Glossary Term
Enterprise search
Phases of an enterprise search system
- Content goes through various phases from source repository to search results.
- Content awareness is the first phase, which involves the push or pull model.
- Content processing and analysis is the second phase, where different formats are processed and normalized.
- Indexing is the third phase, where the processed text is stored in an optimized index.
- Query processing is the fourth phase, where the user issues a query and navigational actions are considered.
Content awareness
- Content awareness involves either a push or pull model.
- In the push model, new content is directly pushed to the search engine's APIs.

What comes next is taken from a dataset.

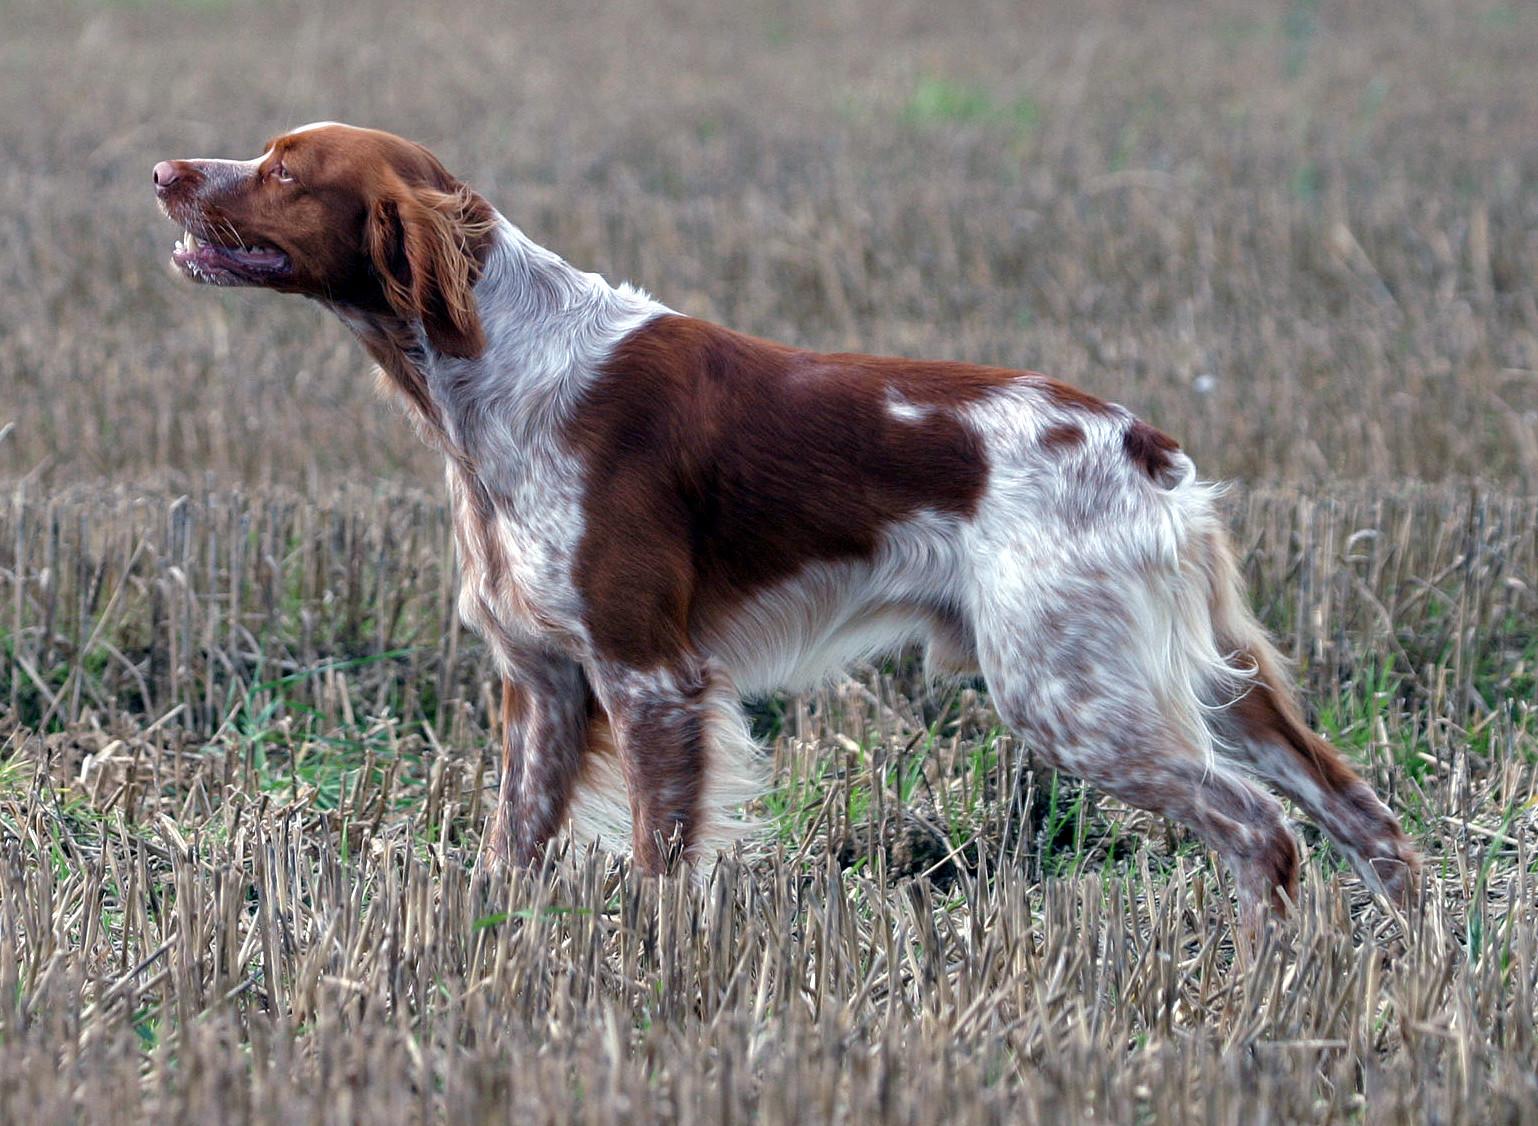 Bretonischer Vorstehhund (Epagneul Breton) - Bild: wikipedia

- The pull model gathers content using connectors like web crawlers or database connectors.
- Connectors typically poll the source at intervals to find new, updated, or deleted content.
- The push model is used when real-time indexing is important.
Content processing and analysis
- Content from different sources may have various formats and document types.
- The content processing phase converts documents to plain text using filters.
- Normalization of content is often necessary to improve recall or precision.
- Normalization techniques include stemming, lemmatization, synonym expansion, and entity extraction.
- Tokenization is applied to split the content into basic matching units called tokens.
Indexing
- The resulting text is stored in an index optimized for quick lookups.
- The index contains a dictionary of all unique words in the corpus.
- Information about ranking and term frequency is also stored in the index.
- The index does not store the full text of the documents.
- Indexing enables efficient retrieval of relevant documents.
Query processing and matching
- Users issue queries to the system, including search terms and navigational actions.
- The processed query is compared to the stored index.
- The search system returns results referencing source documents that match the query.
- Some systems can present the document as it was indexed.
- Matching algorithms determine the relevance of the results.